Hi Pete, I've been following your threads [0] with interest seeing how the
social graph can be interpreted in code. The above quote in particular stood
out though. I'm not sure if the _"no evil"_ tag applies where you can access
the official Fb API and developer program then expect good to come out of it.
[1], [2]

    
    
      “That pulls the rug out from a whole policy &
       technology perspective that the point is to give 
       you control over your information - because you 
       don’t have control over your information.” 
       
       Hal Abelson
    

It appears that while Fb is trying to tighten up public leaked information, at
the same time they allow access to the social graph API which is just as
potentially more damaging to individuals.

[0] <http://news.ycombinator.com/item?id=1199821> &
<http://news.ycombinator.com/item?id=1106859>

[1] PJF, "Dark Stalking on Facebook", <http://pjf.id.au/blog/?position=590>

[2]
[http://www.boston.com/bostonglobe/ideas/articles/2009/09/20/...](http://www.boston.com/bostonglobe/ideas/articles/2009/09/20/project_gaydar_an_mit_experiment_raises_new_questions_about_online_privacy/)

------
Groxx
TOS != legal right to block access to public data. _Especially_ when it's
crawled, where one is not expected to read the TOS. It's equivalent to having
a document posted in the bathroom of a restaurant that says that by walking
into the building you forfeit your right to see.

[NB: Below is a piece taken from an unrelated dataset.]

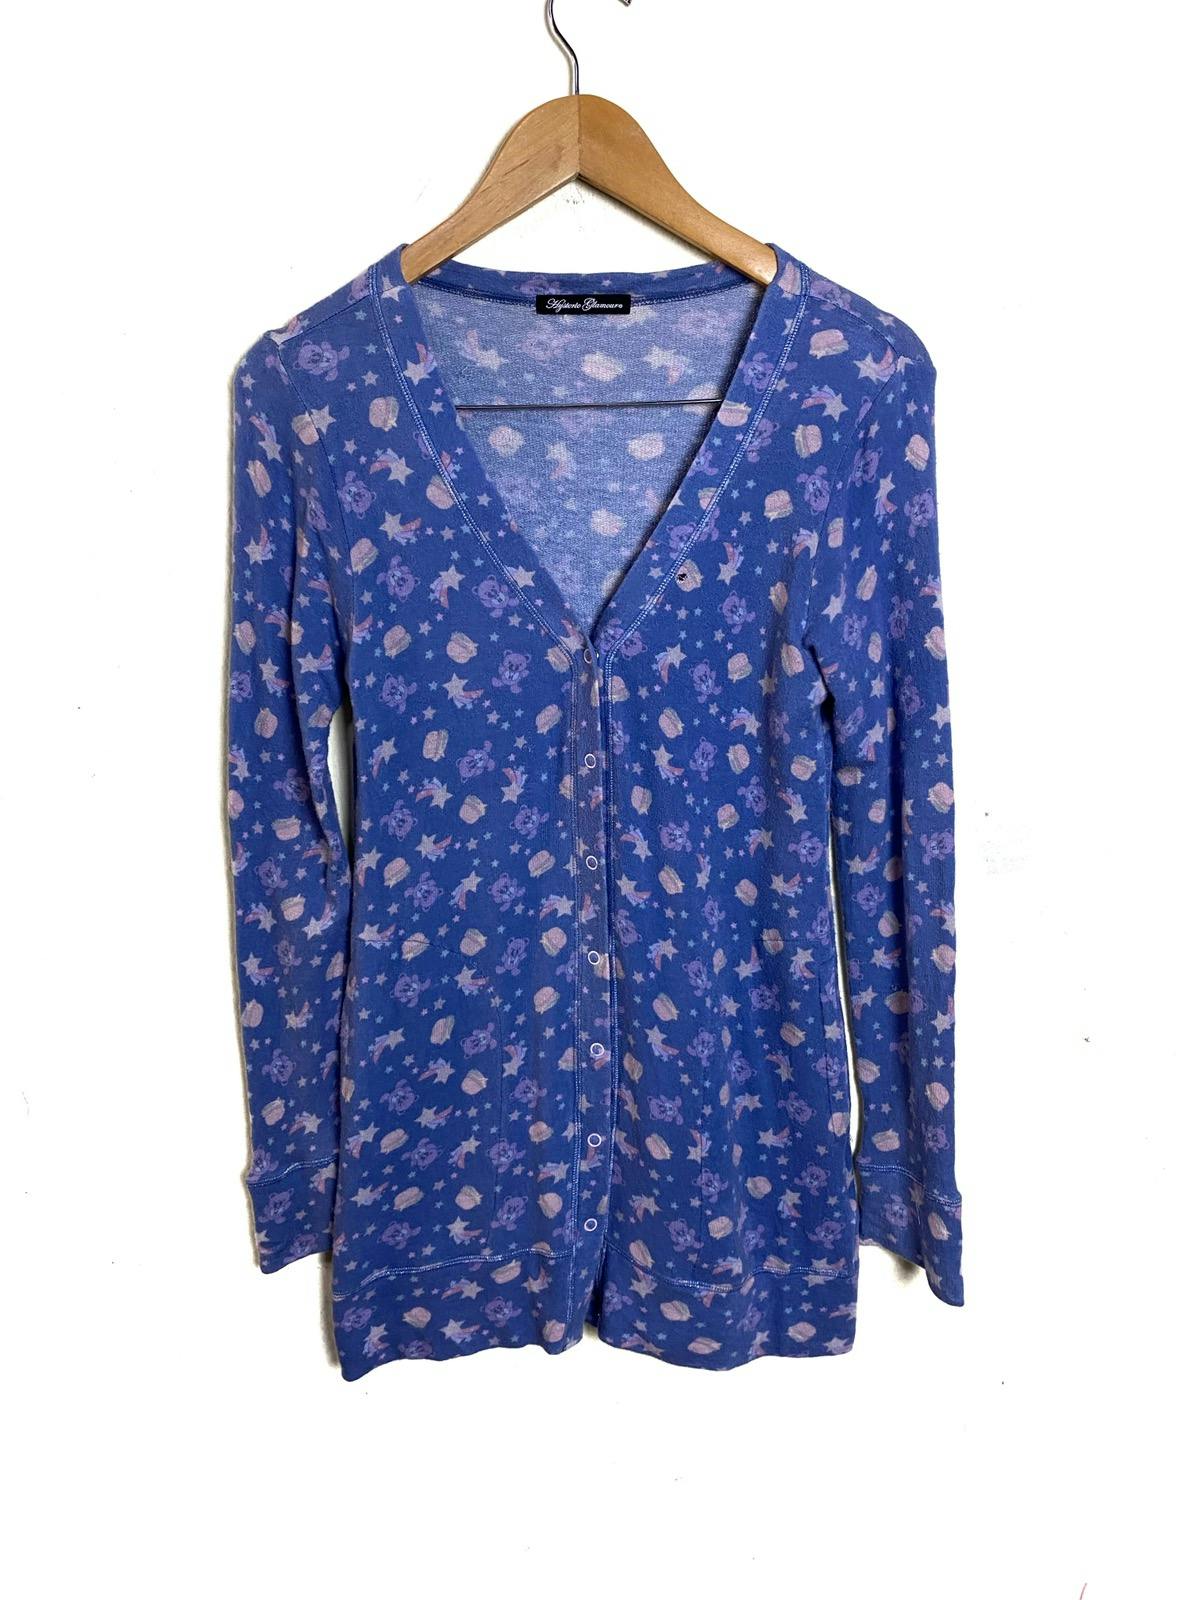 Vintage Hysteric Glamour Cardigan - 1

Too bad it didn't go to court, he could've countersued then. There could be
_definite_ personal damages because of all this, and because FB is flexing
legal-might it doesn't have.

And I cry bullshit on FB trying to protect privacy. Why then is everything
public by default when a new feature comes out? At _every_ step of the
embiggening process, FB has royally screwed over their users' privacy.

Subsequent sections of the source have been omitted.